GIVEN INFORMATION:
━━━━━━━━━━━━━━━━

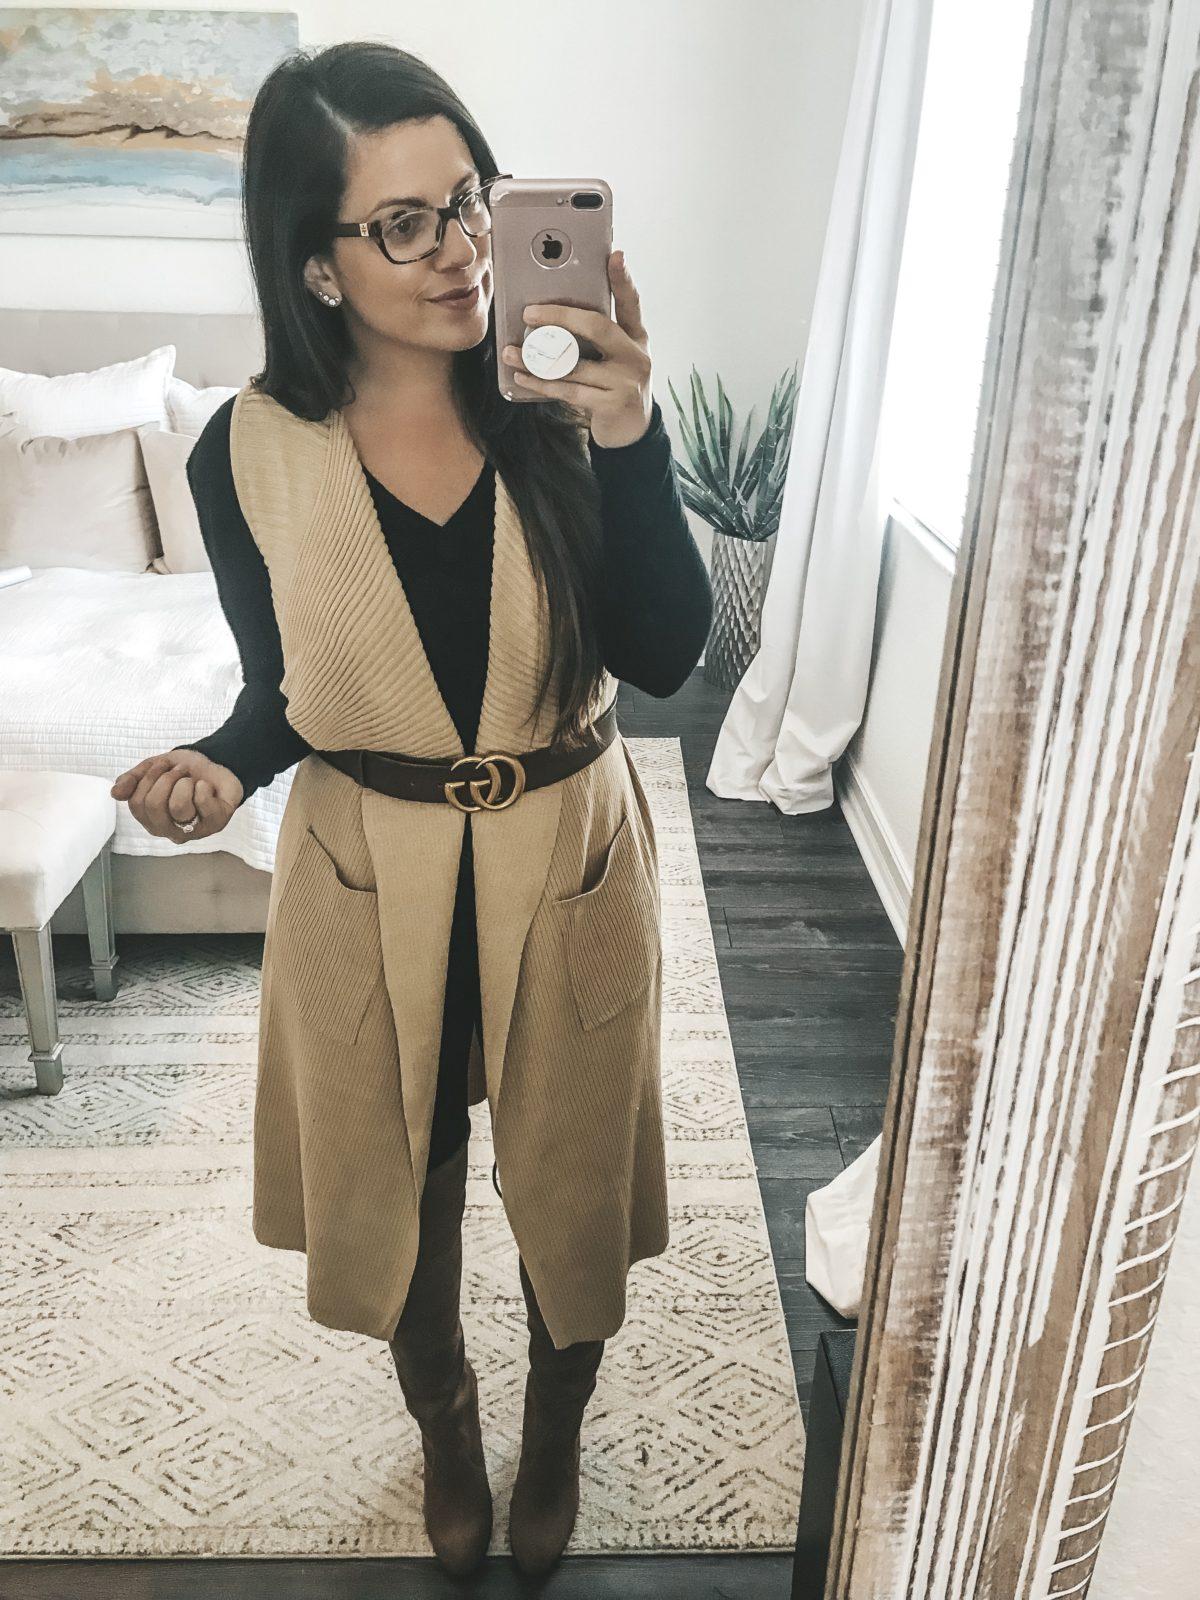 Amazon Fashion sweater vest, Gucci belt
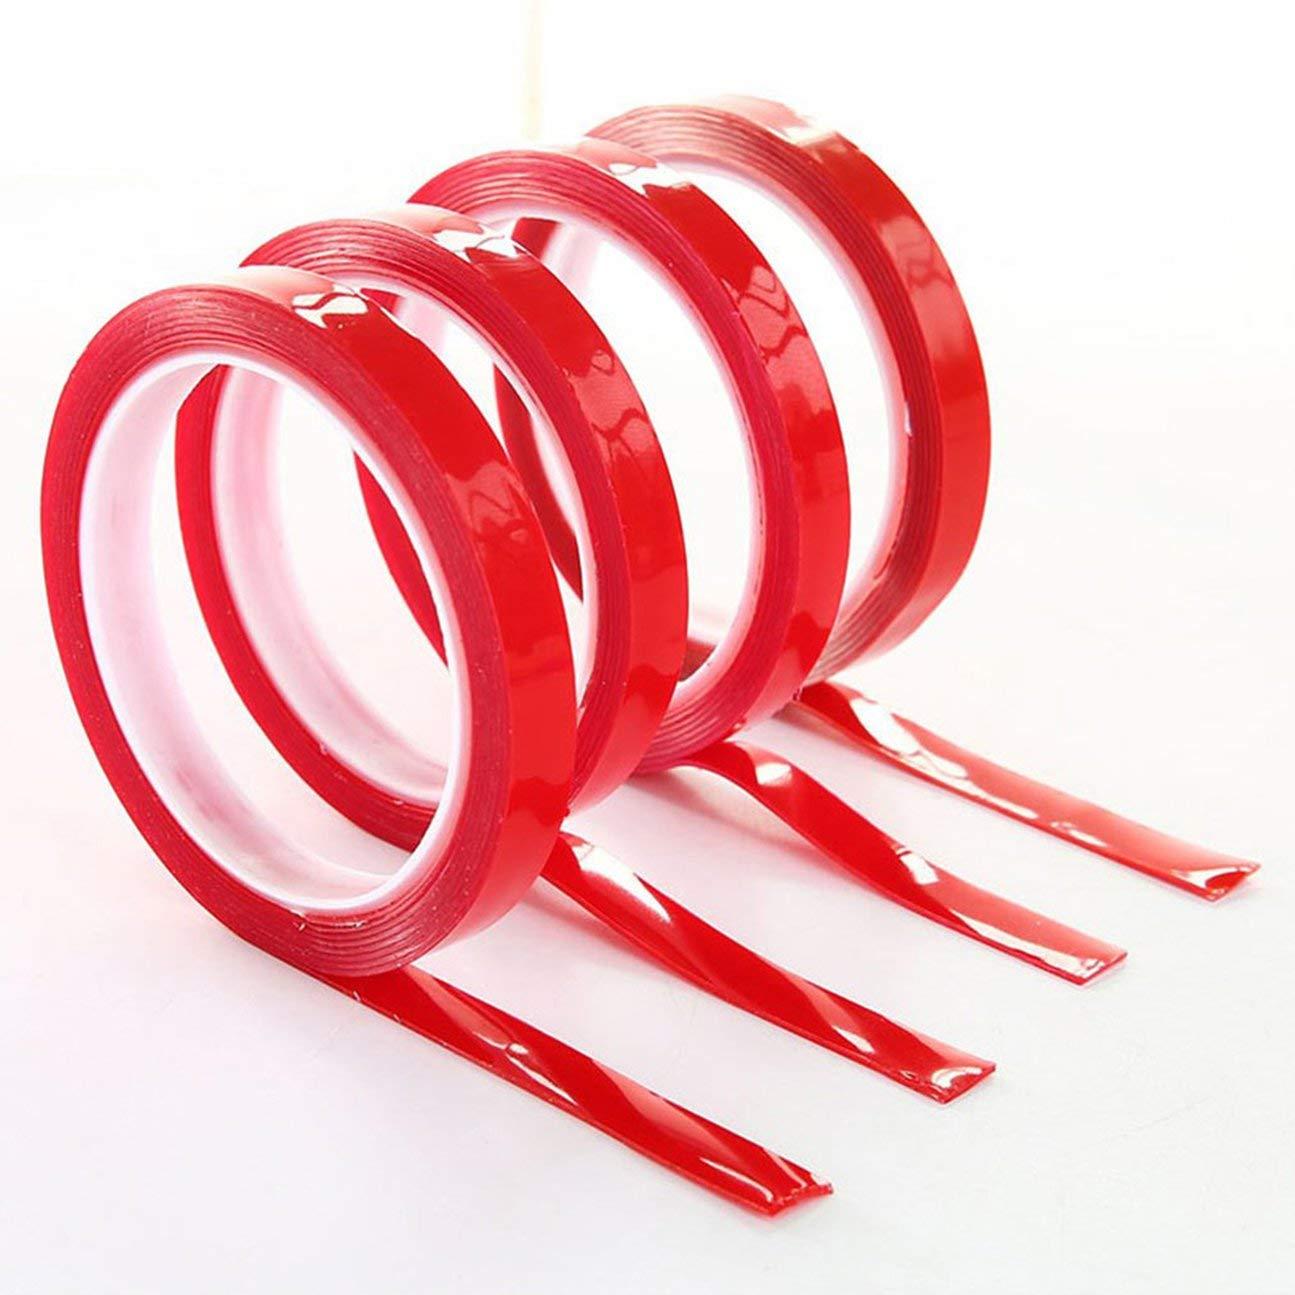 Adhesivo de doble cara adhesivo de espuma de acr/ílico adhesivo pegamento fortalecer la pasta de cinta para el coche accesorios de decoraci/ón del hogar
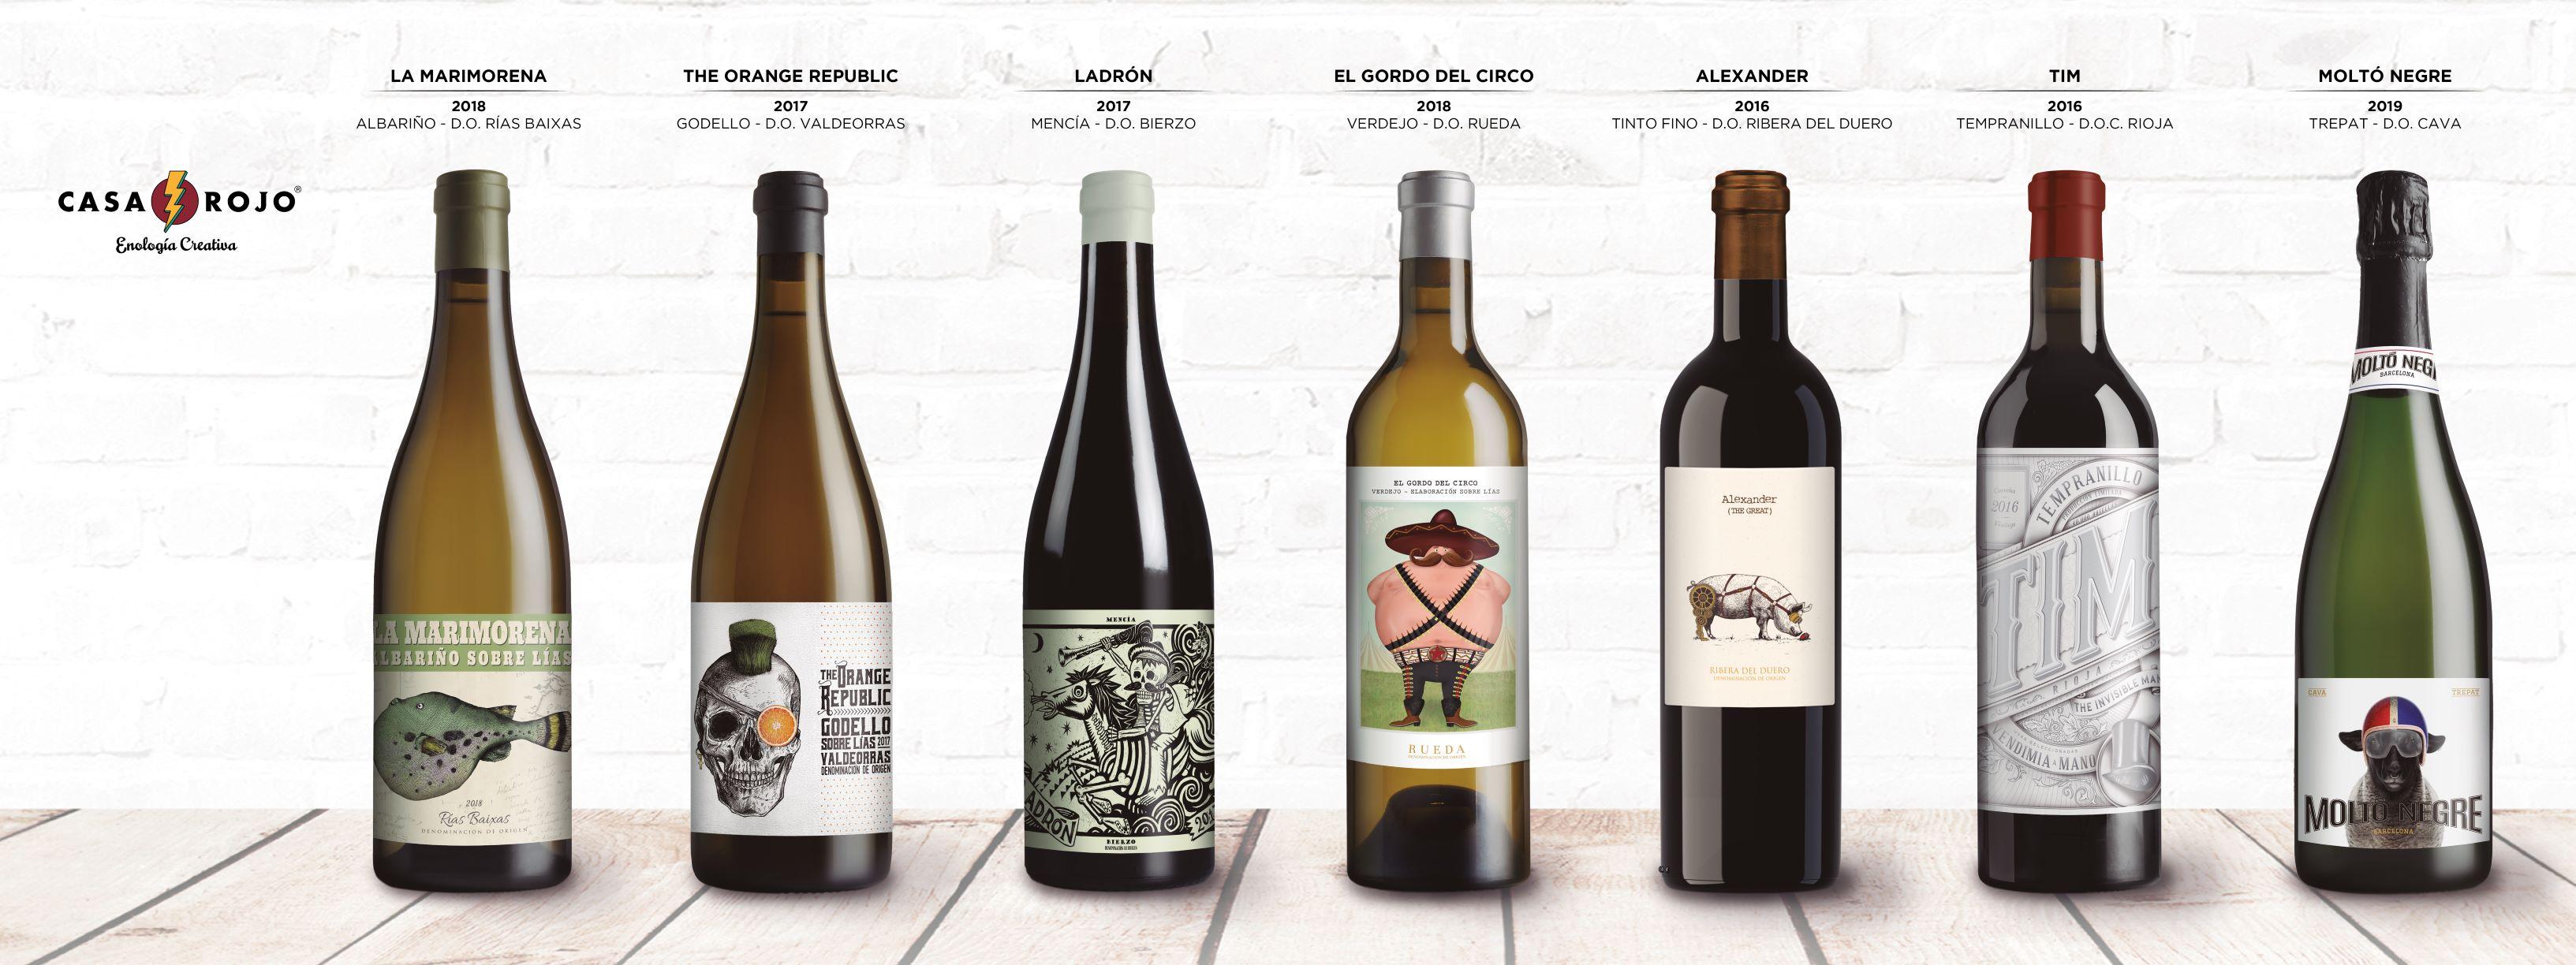 Familia de vinos de bodega Casa Rojo
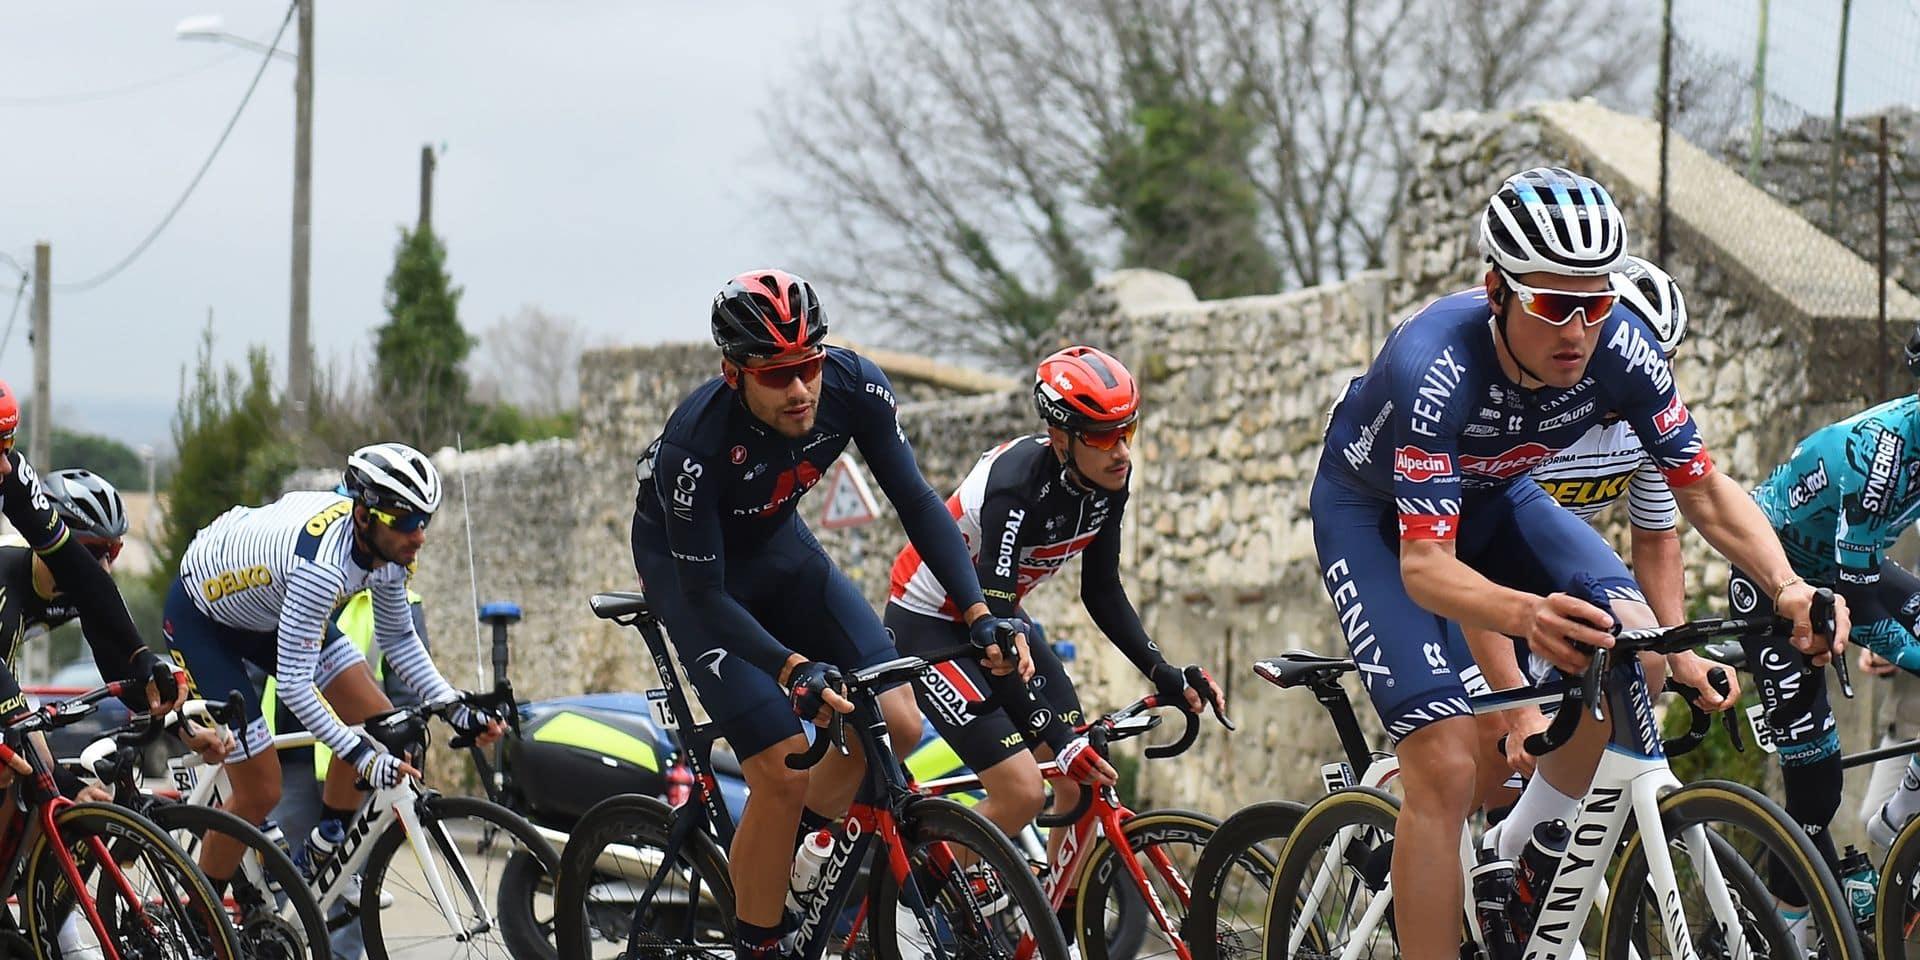 Etoile de Bessèges: Ganna s'impose en solitaire lors de la 4e étape, Van Avermaet au pied du podium, Wellens toujours premier

━━━━━━━━━━━━━━━━

THE TASK: Pictures stay out; everything else in the listing above gets repeated exactly.

SOLUTION TO THE EXERCISE:
 Amazon Fashion sweater vest, Gucci belt
 Adhesivo de doble cara adhesivo de espuma de acr/ílico adhesivo pegamento fortalecer la pasta de cinta para el coche accesorios de decoraci/ón del hogar
 Familia de vinos de bodega Casa Rojo
 Etoile de Bessèges: Ganna s'impose en solitaire lors de la 4e étape, Van Avermaet au pied du podium, Wellens toujours premier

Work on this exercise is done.